Your brain probably goes blank when you read the explanation for the first time, the same as me. This is because the problem is transparent for most engineers who only need to develop application programs or release a library in the form of source code. However, if you are the author who needs to release the library in the form of binary, you have to get familiar with it. When our program includes a library that is released in the form of binary, what we are actually using at the source-code level is the APIs provided in this library. After the program is compiled and linked, our program needs to communicate with the library, and the communication is conducted via the ABIs. In other words, the APIs define the order in which you pass arguments to a function, while the ABIs define the mechanics of how these arguments are passed (registers, stack, etc.). From this point of view, you can think of ABI as the low-level implementation of API (as shown in Figure 2). That explains why most of the time software engineers do not need to care about it.
Figure 2: The Linux kernel and GNU C Library define the Linux API. After compilation, the binaries offer an ABI. Keeping this ABI stable over a long time is important for ISVs.
To dive deeper, we need to know what details the ABI covers:
- a processor instruction set (with details like register file structure, stack organization, memory access types, …)
- the sizes, layouts, and alignments of basic data types that the processor can directly access
- the calling convention, which controls how the arguments of functions are passed, and return values retrieved. For example, it controls:
- whether all parameters are passed on the stack, or some are passed in registers;
- which registers are used for which function parameters;
- and whether the first function parameter passed on the stack is pushed first or last.

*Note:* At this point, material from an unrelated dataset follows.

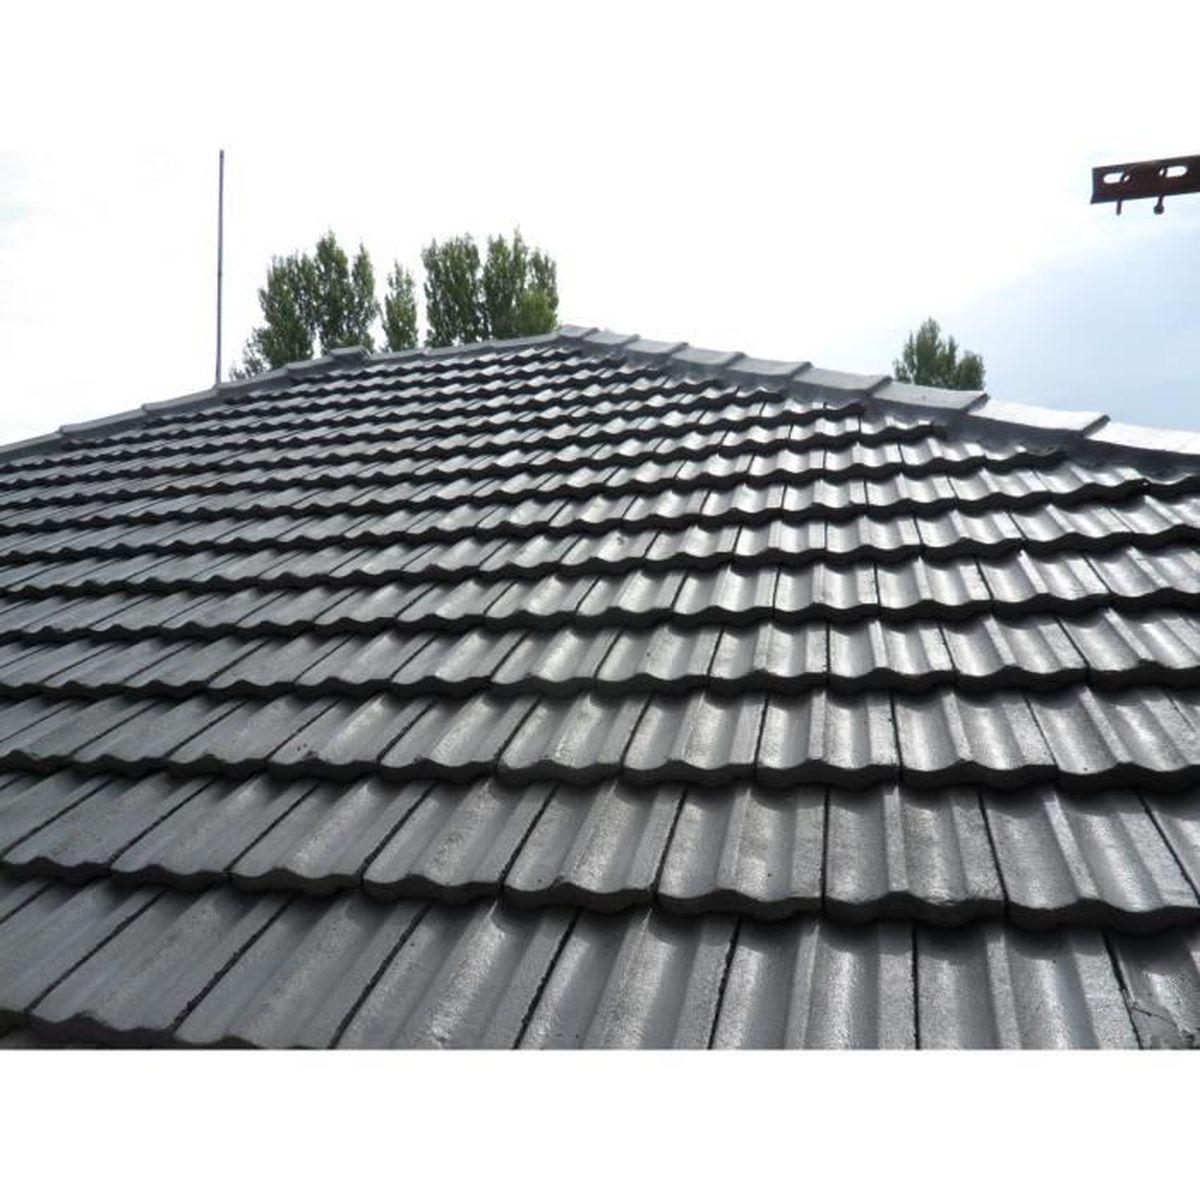 20 litre peinture rev tement toiture toit tuile anthracite achat vente peinture vernis

- how an application should make system calls to the operating system, and if the ABI specifies direct system calls rather than procedure calls to system call stubs, the system call numbers.
- and in the case of a complete operating system ABI, the binary format of object files, program libraries, and so on.
How do the ABIs influence our programs?
Feeling much better? Yeah! But another problem comes.
When engineers are mentioning the ABIs in their daily work, what they are actually talking about? Based on my research, people are talking about the binary-compatible of the ABIs. The binary-compatible is another big topic and involves too many aspects. Here is an example for you to have a better understanding. Suppose the library which your program includes is updated at some times, but without changing the function signatures and usages, we call it source-compatible if you need to re-compile the program with the newer library in order to let the program run without the crash. On the contrary, if the program can run without crash by simply replacing the old version with the new version without re-compiling, we call the ABIs binary-compatible. To achieve and maintain the binary-compatible, it involves topics such as calling convention, name mangling, etc., which are above the discussion of this article. I would be willing to discuss these topics with you if you are also interested in them.
Conclusion
An oversimplified summary is that the APIs let you know “Here are all the functions you may call” while the ABIs let you know “This is how to call a function”. Anyway, you won’t need to explicitly provide the ABIs unless you are doing the design work in a very low-level system environment. Feel free to forget all the things I have mentioned above and just re-compile your program every time you update the libraries or anything related to your programs!